Timo and Mickey are heavily in debt to Darius, who wants immediate payment. Darius sends some thugs to kidnap and beat up Timo and Mickey, who are told that they will be murdered if they don’t pay off their debt to Darius very soon. Mickey and Timo have no doubt that this threat will be carried out, because they’ve seen the torture that Darius and his goons have inflicted on others, but Mickey and Timo still don’t have the money to pay the debt.

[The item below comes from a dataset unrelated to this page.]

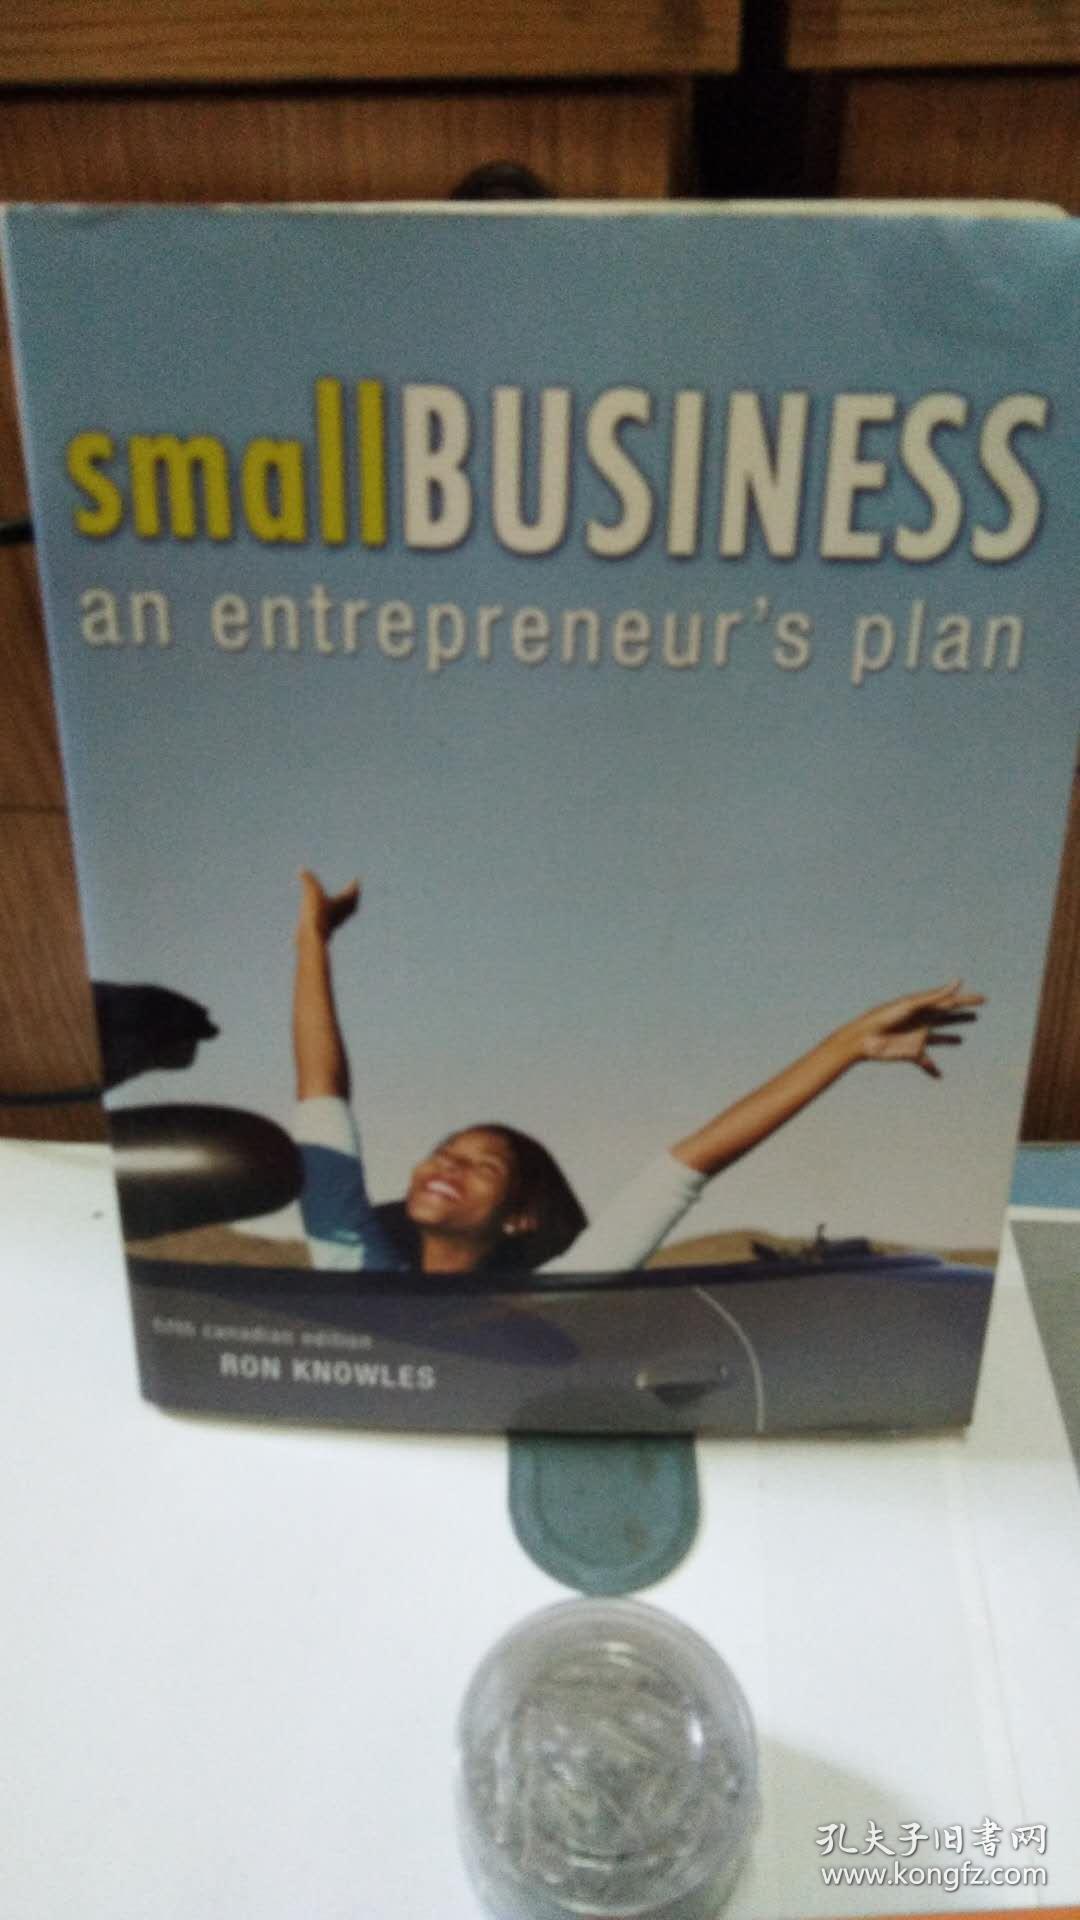 小企业是企业家 英文原版 Small Business

It’s around this time that a former U.S. congressman named Kenneth Marshall (played by Mark Ruffalo), who has a cult-like following, has made international news for launching a spaceship that will take a select number of people to Niflheim, a planet previously not inhabited by humans. An unnamed religious group is believed to be funding this in-demand migration. It’s mentioned in the movie that Kenneth lost his two most recent elections. Clearly, migrating to Niflheim is a way for Kenneth to reinvent himself as a powerful leader of this new society.

Kenneth has a Lady Macbeth-type wife named Yifa (played by Toni Collette), who is the real schemer and manipulator of this couple. Kenneth is mostly a blustering buffoon who does what Yifa advises or orders him to do, but Kenneth puts up a front that he’s the one who’s really in charge. Kenneth and Yifa are treated like famous royalty on Niflheim, where Kenneth stars on a live TV show called “Tonight With Kenneth Marshall.” Kenneth and Yifa take full advantage of this celebrity worship by abusing their power and inflicting cruel punishment on those who disobey their orders.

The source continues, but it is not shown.